I've posted details about how these are MADE FOR this sort of thing - ESS - along with totally different engine bearing designs and materials and so on.
I've posted it several times, but people keep starting new arguments on it and I'm tired of reposting the same facts dozens and dozens of times because they are ignorant of facts and believe all of the "I hate xxxxx" posts and web sites they see.

To be honest...You know I must have been a child last time I remember someone changing a starter.
It's rare these days. Sure, things happen - out of every 100,000 of a given part, there's going to be something go wrong - and someone will then point to that and say, see, I told you, it's bad!" instead of critical thinking showing them that sure, sometimes things made by men and women do break. That doesn't mean it's a trend or common.

The starter - ORIGINAL starter - on the 4.0 I transplanted into my car went over 130,000 miles before going weak because the CARBON BRUSHES wore.
And of those 130,000 miles, 100,000 of those were by the owner of the Grand Cherokee the engine came from which had obviously been ABUSED.
When I pulled the engine, put it on my stand to do a rebuild, I pulled the oil drain plug and watched black molasses slowly run out. The distributor drive gears were TOAST, I mean 1/4 eaten away. That just never happens on a 4.0 - in fact, of all of my years as a mechanic and the hundreds and hundreds of AMCs and Jeeps I worked on over the years, I'd never seen such wear. So you can imagine what that starter went through by the original owner.

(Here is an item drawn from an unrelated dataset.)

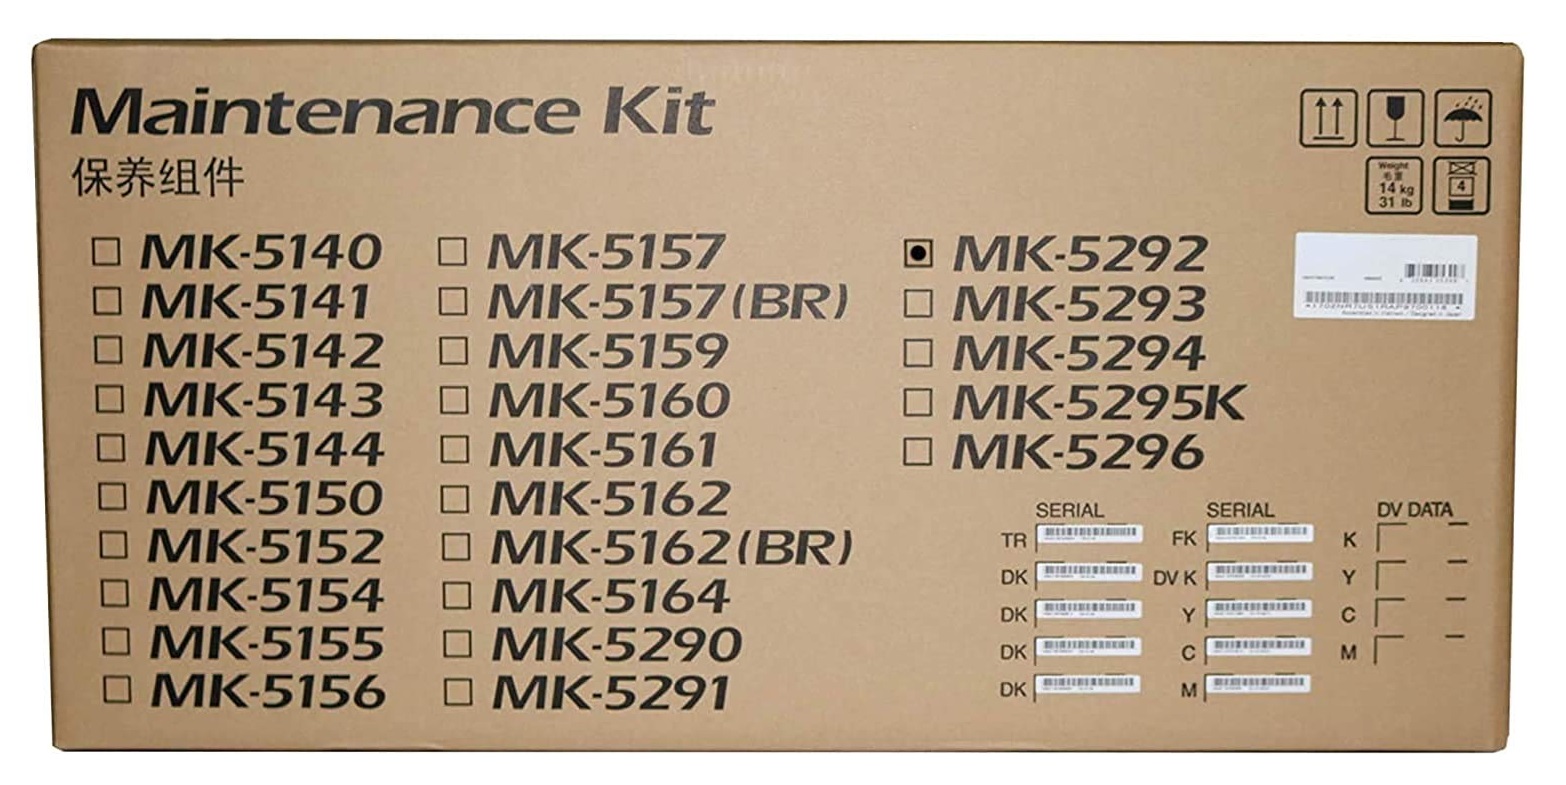 Kit de Mantenimiento para Kyocera FS-P7240cdn | 2404 - Kit de Mantenimiento MK-5292 para Kyocera FS-P7240cdn. Incluye: Unidad de Cilindro, Unidad de Revelado, Unidad Fusora, Unidad Transferencia. 1702TX7US1 1702TX7US0

I would bet that the starter could have gone almost 200,000 miles with any care given to the engine.
Fast forward to the modern starters of today - real bearings, not oil impregnated bushings, the commutator is no longer just copper, the brushes are no longer just carbon. I'd bet that a 3.6 starter, if it could be adapted to my 4.0, would go 400,000 thousand miles if not longer.
I won't get into the totally different main and rod bearing designs and materials........if people are interested, they'll find all of my posts on such things.